# Late Season Feeding Habits of Canada Geese and 2pm Closing



## Snow Hunter (Nov 16, 2004)

I think that there needs to be a revision of the "no hunting geese after 2pm except on wedsday and saturday". I am not sure if this is the case where the rest of you are but most of the geese in Eastern North Dakota are only feeding once a day now and it is in the evenings. Since this is the case the only time you can even get a chance at them is on Wednesdays and Saturdays. Seeing as how most of the geese have already migrated through and hunting these birds in fields really doesn't push them out, it would be really nice if after Nov. 1 they changed the rule to all day hunting or even after Nov. 15th.
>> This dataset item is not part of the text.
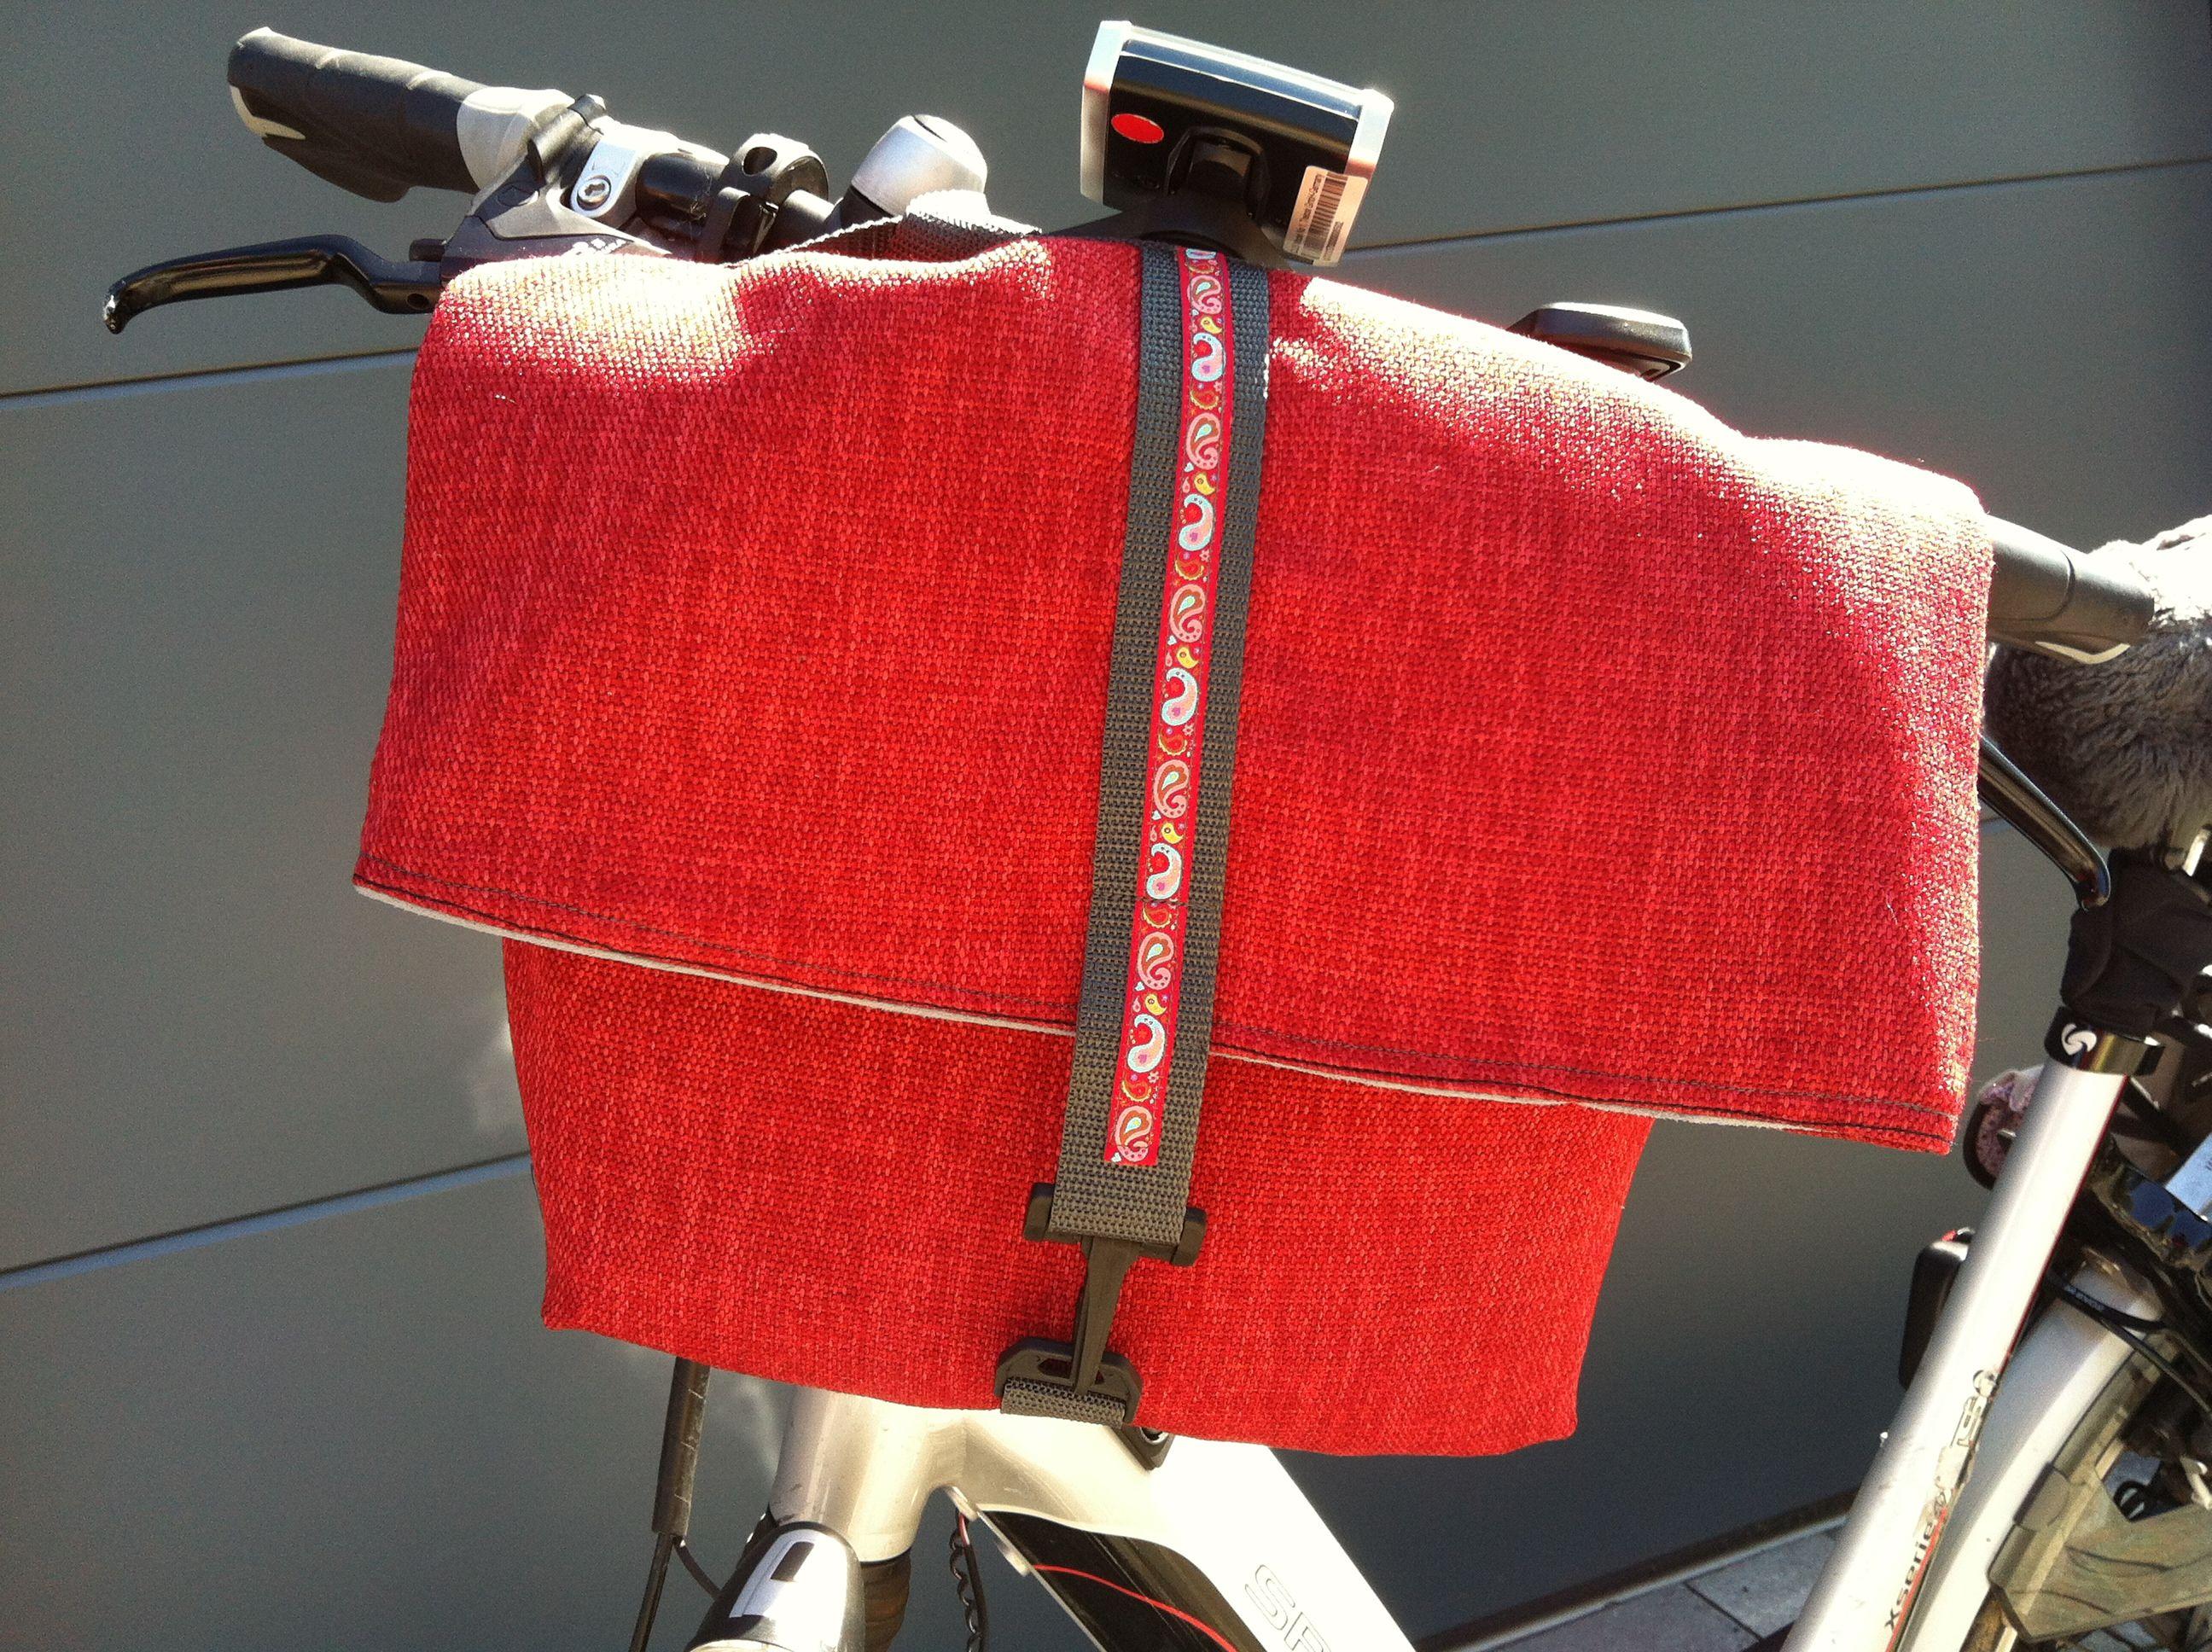 fahrradtasche f r den lenker selbstgemachtes pinterest fahrradtasche n hen und fahrr der. Black Bedroom Furniture Sets. Home Design Ideas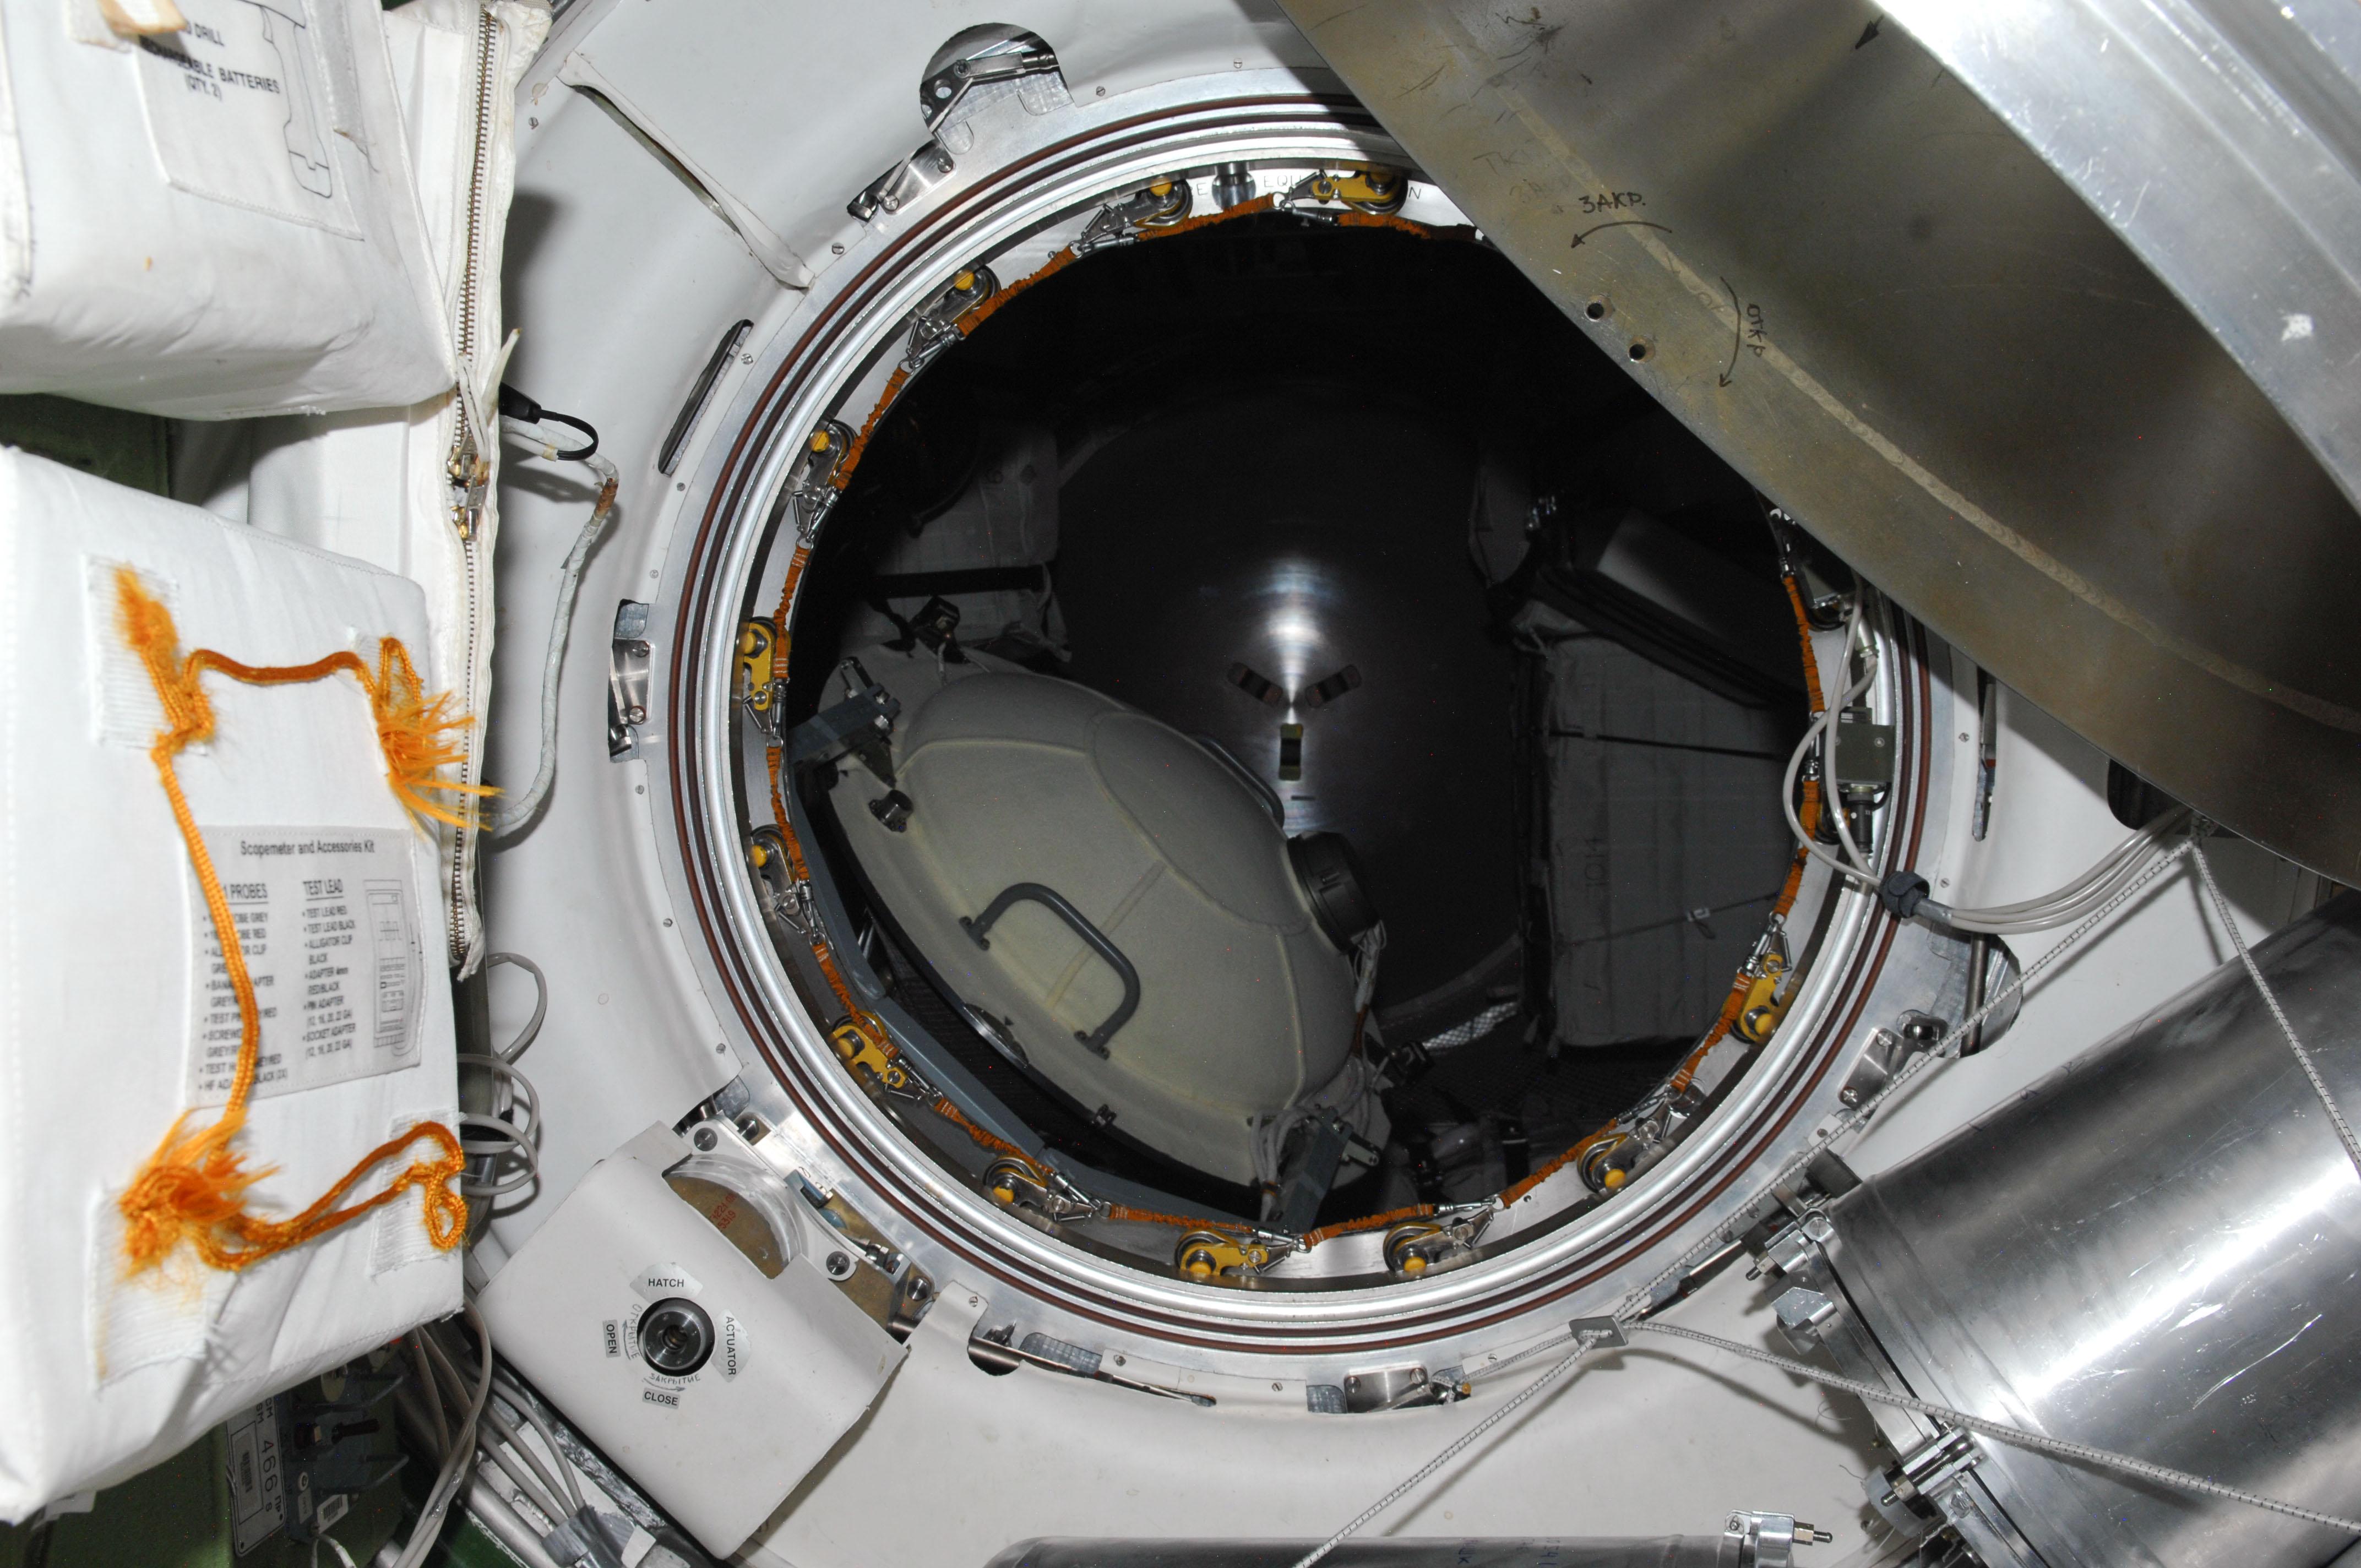 space shuttle b. hatch - photo #37

What do the rest of you think?

And I do realize that me complaining about a regulation on a public forum is not going to get the law revised, but I wanted to complain about it somewhere.


----------



## snowkiller (Mar 19, 2005)

The geese on the westren part of the state only feed in the morning,But as it gets colder they wont come out until noonish.I agree after dec 1 you should be able to hunt until sundown.I think they should leave the season open longer too.Alot of the big honkers are still here a huge #s after the season closes.Get rid of the early season and lets us shoot em late when their here.


----------



## nodakoutdoors.com (Feb 27, 2002)

Nothing like sitting in the decoys all morning and then the birds come out as you're picking up at 2:15. 8)

I agree.


----------



## Horker23 (Mar 2, 2006)

all our birds around here are holding on the water and ice all moring and then flying at 440. so dont feel so bad. Its getting tough


----------



## Bloodyblinddoors (Oct 25, 2006)

The birds in my kneck of the woods are on the same schedule. Only fly at sunset.


----------



## MallardMayhem21 (Mar 8, 2006)

A change in weather would definetly help everything. Its thanksgiving,the weather is forcasted for mid 50's tomorrow. It should be snowing by now thats when things really get fun and interesting. Still plenty of birds around and to the north just need old mother nature to give us alittle help!!! Gotta love shootin late season honks and greens.


----------



## Bloodyblinddoors (Oct 25, 2006)

Snow would be great right now.


----------



## Horker23 (Mar 2, 2006)

snow would be more then great. Mallard knows whats up


----------



## goosebusters (Jan 12, 2006)

I can't believe this was already posted, I was just going to start a thread saying the same thing. It really sucks that they only go to the field once, but I would have to say that I like waking up at a reasonable hour now.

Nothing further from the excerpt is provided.